43  

Как обычно, я предъявил свой студенческий gardien'у[90] в синей форменной куртке. И как обычно, он снова меня не узнал и внимательно изучил мой билет. Он всегда сидел за своей конторкой, пряча под стол правую руку с неизменной сигаретой, и прижимал левой рукой к столешнице Serie Noire. [91] Далее следовал ритуал бюрократических оскорблений. Когда приходил посетитель — в данном случае я, — билетер поднимал глаза, открывал верхний ящик стола двумя пальцами правой руки, не занятыми сигаретой, бросал замусоленную сигарету в пепельницу, закрывал ящик, перекладывал Serie Noire себе на пузо, расплющивая книжку еще больше, доставал рулончик билетов, бормотал: «Никаких скидок», отрывал билетик, пододвигал его мне по столу, брал с меня три франка, кидал на стол сдачу в пятьдесят сантимов, потом брал со стола мой билет, разрывал его пополам, одну половину бросал в мусорную корзину, а вторую возвращал мне. Когда я подходил к лестнице, в руках билетера снова дымилась его неизменная сигарета, а книга вновь лежала на столе.

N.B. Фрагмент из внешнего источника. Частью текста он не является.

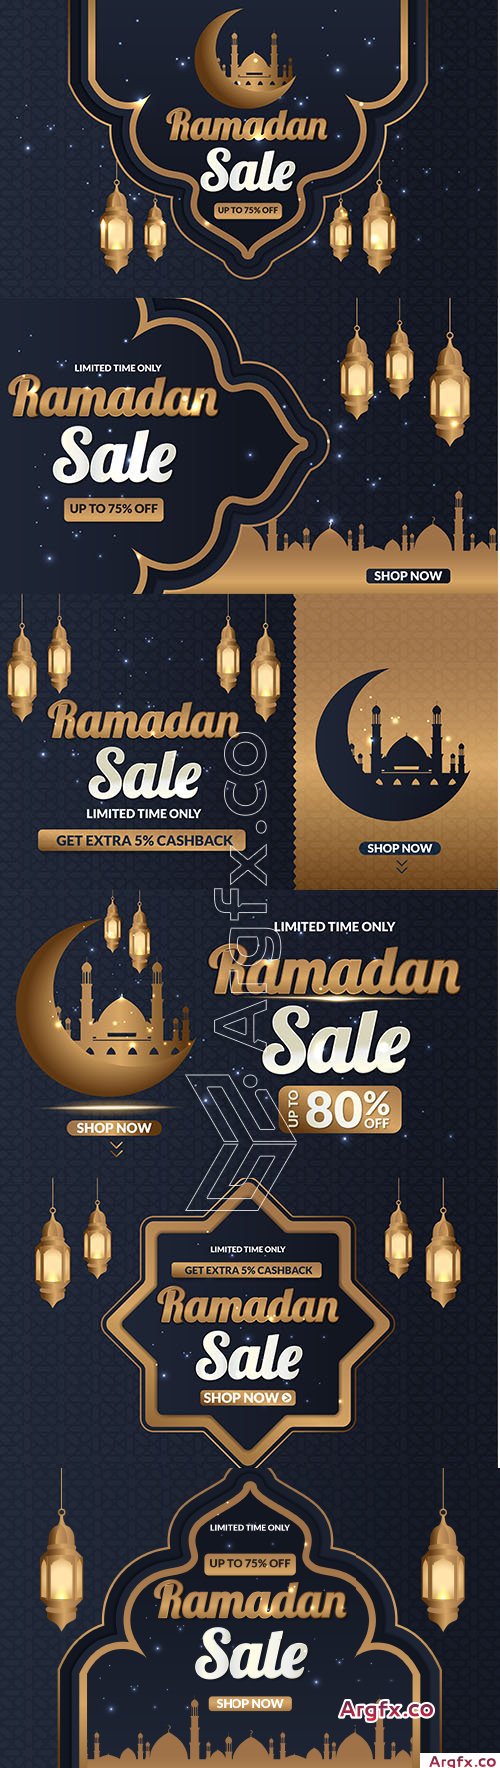 Ramadan Sale Banner Social Media Post Set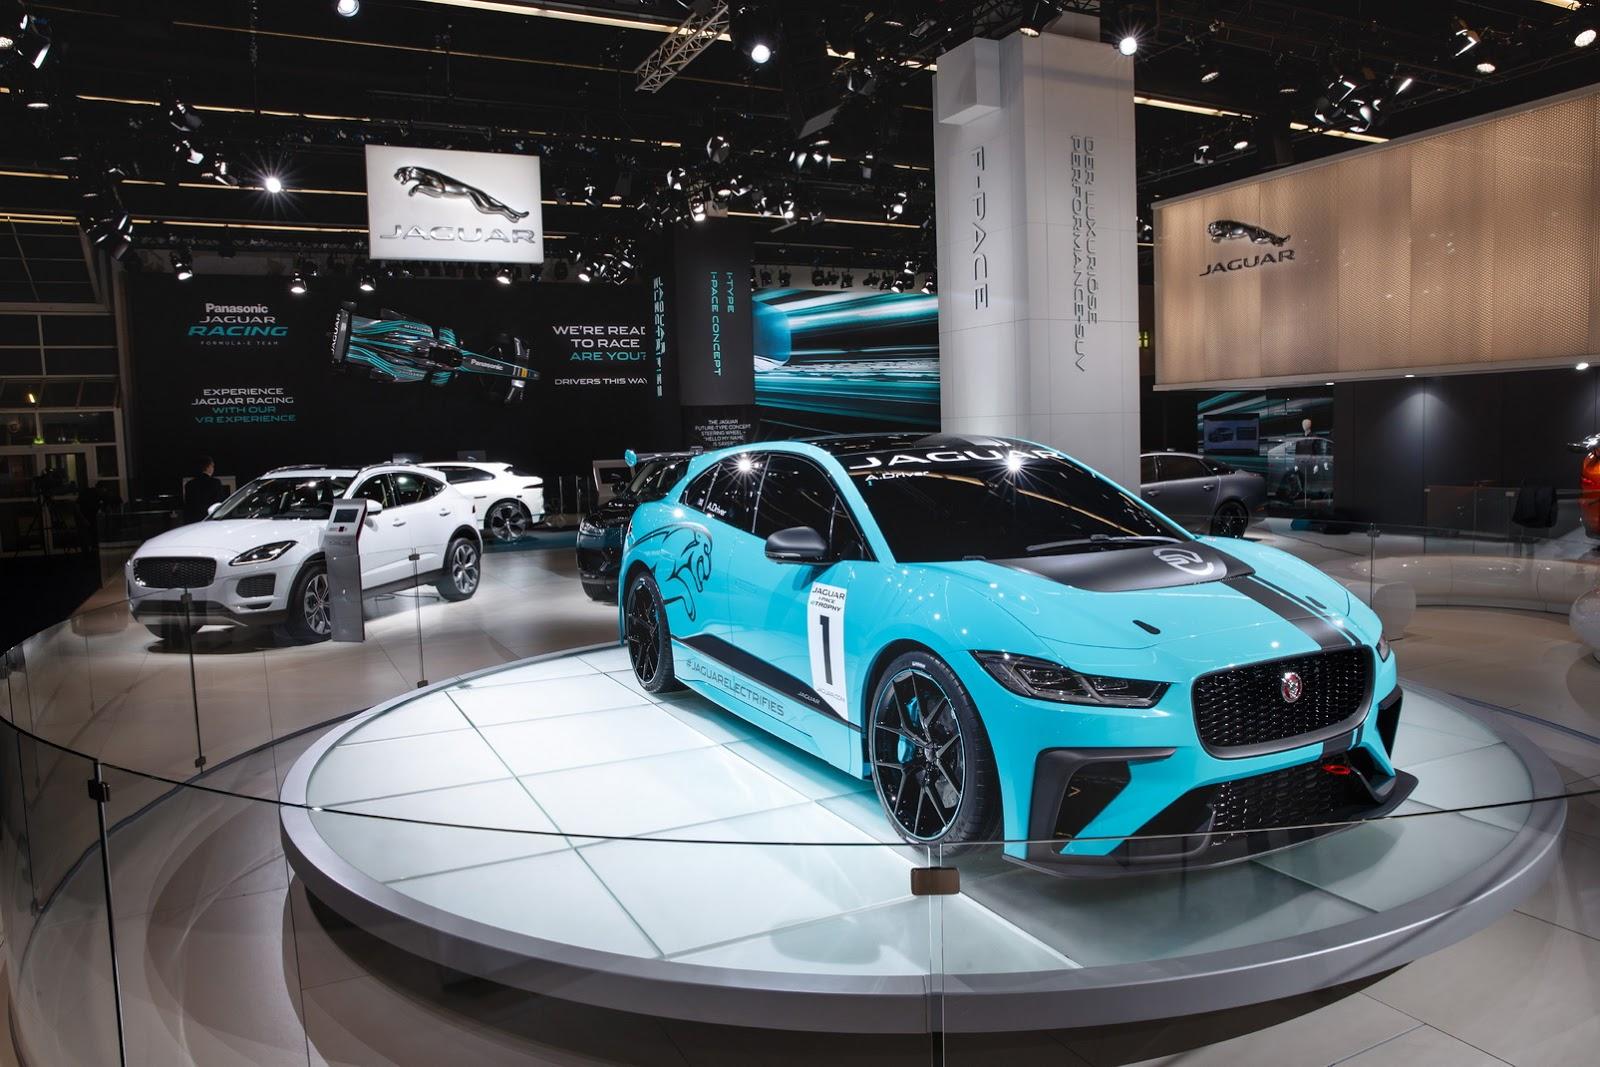 jaguar-ipace-race-car-iaa-7

Наверху была просторная студия с угольно-черной печью, которая, наверное, сохранилась здесь еще со времен Моро и которая жарила неимоверно. По стенам висели законченные и наполовину законченные картины, в большинстве своем — огромные полотна с изобилием сложных деталей, являющие собой именно ту странную смесь глубоко личного и публичного символизма, которая так привлекала меня в то время. В массивных деревянных шкафах со множеством тоненьких ящиков хранились предварительные зарисовки к картинам. Ты открывал эти ящики — и там, под стеклом, словно бабочки из коллекции, лежали эскизы. Щурясь на свое собственное отражение, ты разглядывал запутанные карандашные линии, в которых проступали детали, впоследствии превратившиеся в золотые и серебряные украшения, сияющие диадемы, нагрудники и ремни, усыпанные драгоценными каменьями, инкрустированные мечи — обновленные и отшлифованные варианты античных и библейских легенд: пронизанные эротизмом, приправленные должной жестокостью — вся палитра сдержанной невоздержанности.

— Искусство для дрочки, правда? — Английский язык, наглый и громкий голос с дальнего конца студии. Я вернулся к предыдущему шкафчику и еще раз рассмотрел чернильный набросок к «Женихам»; потом еще один, в сепии, оттененной белилами.

— Настоящий сюрреализм. Налет потусторонней мистики. И какие женщины… амазонки. — Еще один голос, снова мужской, но более медленный и глубокий, готовый искренне восхищаться. Я заглянул еще в несколько ящичков, но теперь мое внимание рассеялось, и я уже не был полностью сосредоточен на рисунках. Я невольно прислушивался к разговору этих филистеров[92] — с карманами, все еще набитыми всякой дешевенькой ерундой из магазина беспошлинных товаров в аэропорту, — которые медленно обходили картины на том конце студии.

— Но все равно это искусство бессодержательное и несерьезное, правильно? — Опять первый голос. — Мертвая форма.

— Ну, я не знаю. — Второй голос. — Мне кажется, ему есть что сказать, разве нет? И он говорит очень многое. Вот эта рука очень даже выразительная.

— Ты опять со своим эстетизмом, Дейв.

— В нем явно чувствуется потворство своим желаниям и слабостям. — Третий голос. На этот раз женский, тихий, но явно высокий. — Но мы, наверное, многого не понимаем. Мне кажется, тут нужно знать контекст. А это кто, Саломея?

— Не знаю. — Опять второй голос. — А почему она держит его голову на цитре? Насколько я помню, она таскала ее на блюде.

— Поэтическая лицензия? — Девушка.

— Может быть. — Снова второй голос, Дейв. — Хотя посмотри на пейзаж на заднем плане. На Египет совсем не похоже. И кто эти пухленькие пастушки с явным гомосексуальным уклоном?

До ручки. Я развернулся и устроил им полный разнос — разумеется, на французском. При обилии абстрактных понятий речь у меня получилась достаточно пламенной и вполне профессиональной. «Дрочка», насколько я знал, означает «la masturbation» — и в этом слове хватало «сочных» гласных, которые так хорошо помогают выразить пренебрежение, когда это нужно. Я облил их презрением за Саломею, которая была никакая не Саломея, а фракийская женщина с головой Орфея. Я упомянул Малларме[93] и Шассерио,[94] которых Моро считал своими учителями, и Редона,[95] чьи безвкусные, невнятные и невыразительные работы некоторые «знатоки» относят к символизму, но который так же далек от Моро, как Берн-Джонс[96] от Хольмана Ханта.